The Life of a Particle
 
 
 

Another way of looking at Particle Flow is from the perspective of an individual particle. Each particle first comes into existence, or is born, via the Birth operator, which lets you specify when to start and stop creating particles, and how many to create.

The particles first appear at an object called an emitter. By default, the emitter is the Particle Flow source icon using the Position Icon operator, but you can alternatively use the Position Object operator to specify that particles should be born on the surface of or within any mesh object in the scene.

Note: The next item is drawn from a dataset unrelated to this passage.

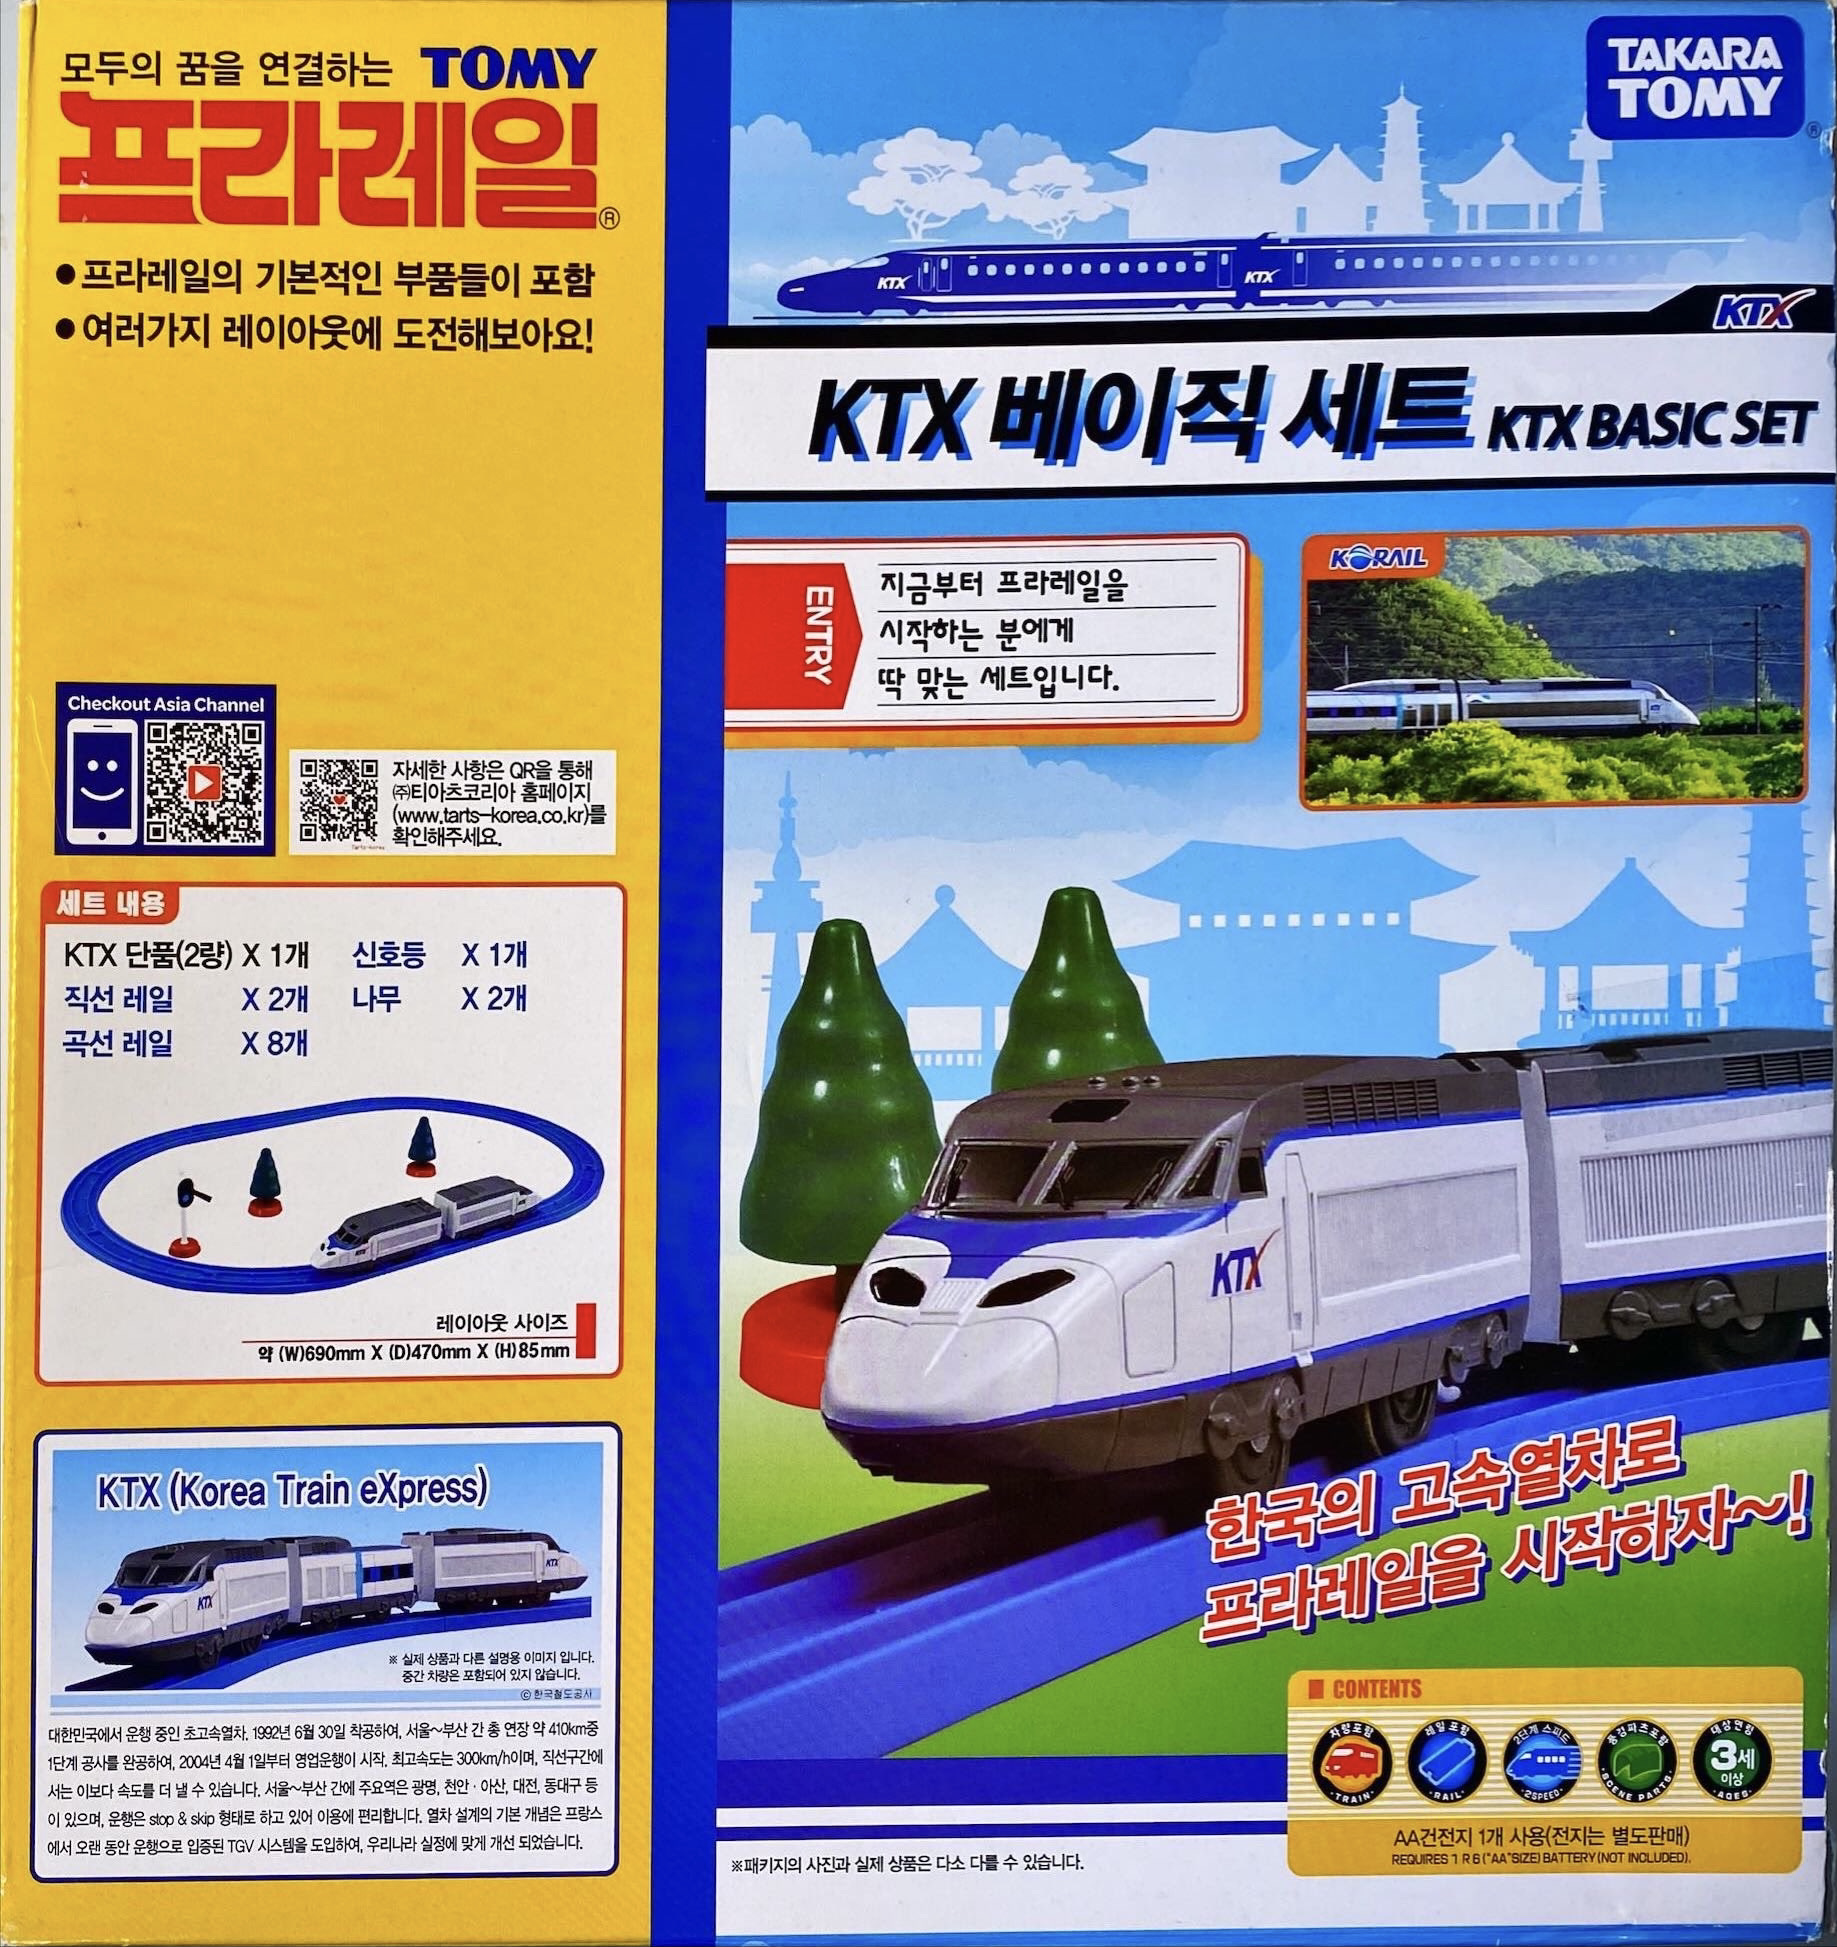 韓国高速鉄道 KTX 車内グッズセット

After being born, particles can remain stationary at the emission point, or start moving in two different ways. First, they can move, physically, within the scene at a speed and in a direction specified by various actions. These are typically Speed operators, but other actions can also affect particle motion, including Spin and Find Target. In addition, you can use the Force operator to affect their motion with outside forces.

1. Particle immediately after creation, with no speed.

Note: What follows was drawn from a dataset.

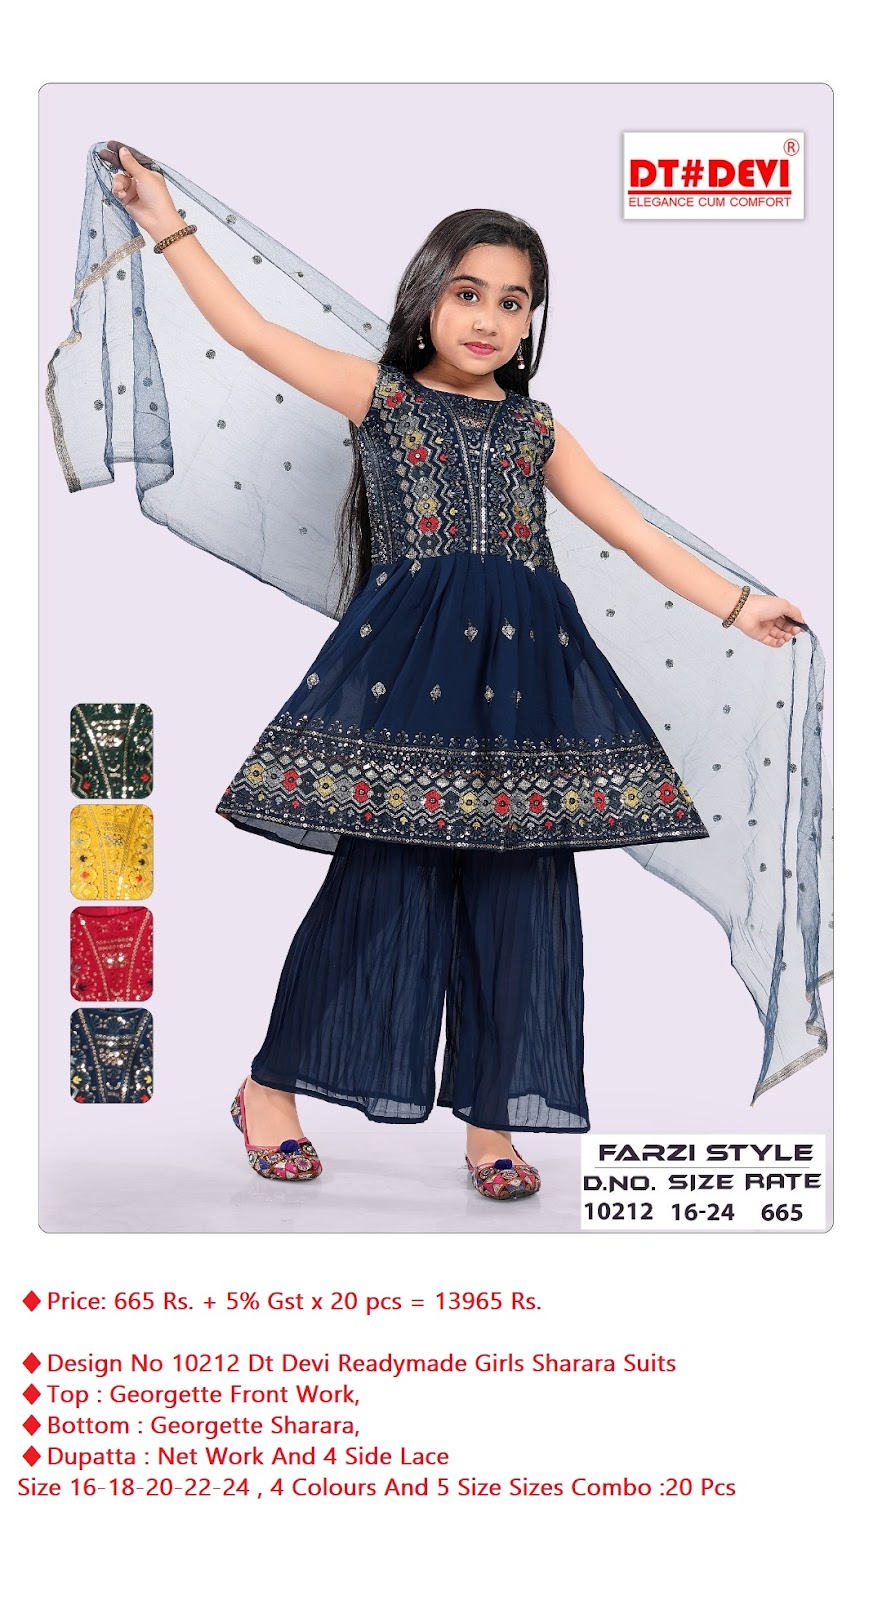 Dt Devi Design No 10212 Readymade Girls Sharara Dress Catalog Lowest Price

2. The Speed operator sets the particle in motion.

3. The particle continues moving until acted upon by another action.

The second way that particles move is logically, from event to event through the particle diagram, as constructed in Particle View. Each event can contain any number of operators that can affect, in addition to motion, a particle's surface appearance, its shape and size, and others.

The particles start out in the birth event, which typically is the first event after the global event. During a particle's residence in an event, Particle Flow evaluates each of the event's actions from top to bottom, once per integration step, and makes any applicable changes to the particle. If the event contains a test, Particle Flow determines whether the particle tests True for the test's parameters, such as whether it has collided with an object in the scene. If it does, and if the test is wired to another event, Particle Flow sends the particle to the next event. If it doesn't, the particle remains in the current event, and may be further acted upon by its operators and tests. Thus, each particle exists in only one event at a time.

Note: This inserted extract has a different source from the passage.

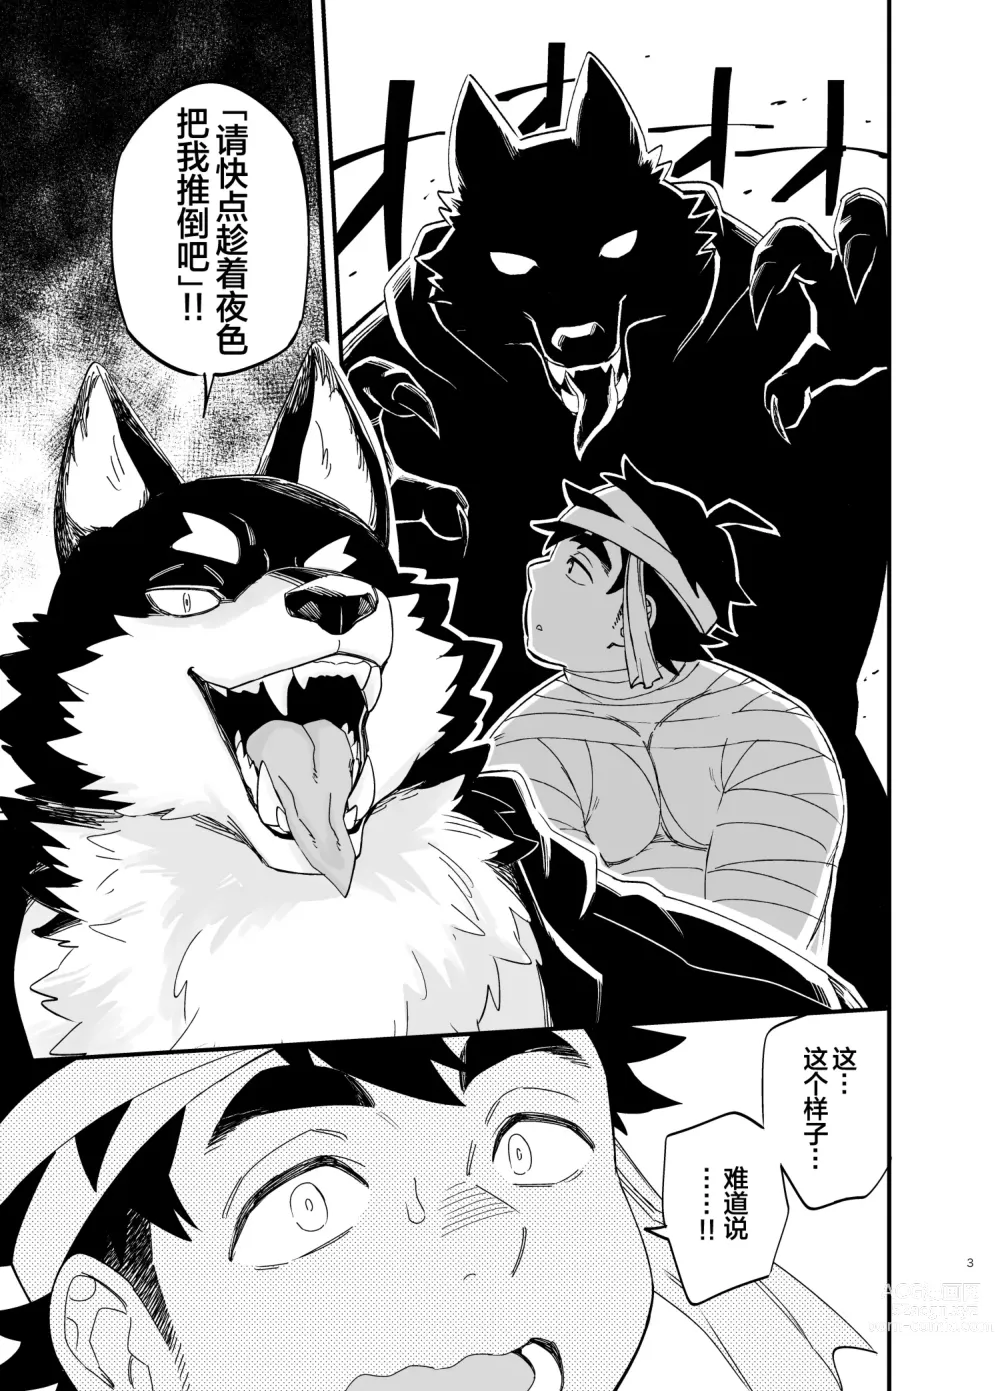 Page 4 of manga オオカミなんかこわくない！

An action in an event can change the particle shape (1), or the particle spin (2), or spawn new particles (3).

Actions can also apply forces to particles (1), specify collision effects (2), and alter surface properties (3).

In this way, the particle continues to travel through the system. Due to the flexible nature of schematic construction in Particle Flow, a particle may be redirected to the same event several times. But at some point, you might want the particle's life to end. For this purpose, you'd use the Delete operator or the Collision Spawn test or Spawn test. Otherwise, the particle lives throughout the entire animation.

Particle age can be used to kill a particle.

As a particle moves through the system, it's accompanied by a number of channels. For example, each particle has a speed channel that defines how fast it moves, and a material ID channel that lets Particle Flow know which sub-material to apply to it. However, the material itself is not defined by a channel, but by a Material operator that acts locally or globally. Properties that are defined by channels persist, unless altered by an action. For example, the Material Dynamic operator can change a particle's material ID. In effect, by setting up a particle diagram and modifying how particles look and act during the animation, you’re deciding how channel values change based on events and animation keyframes.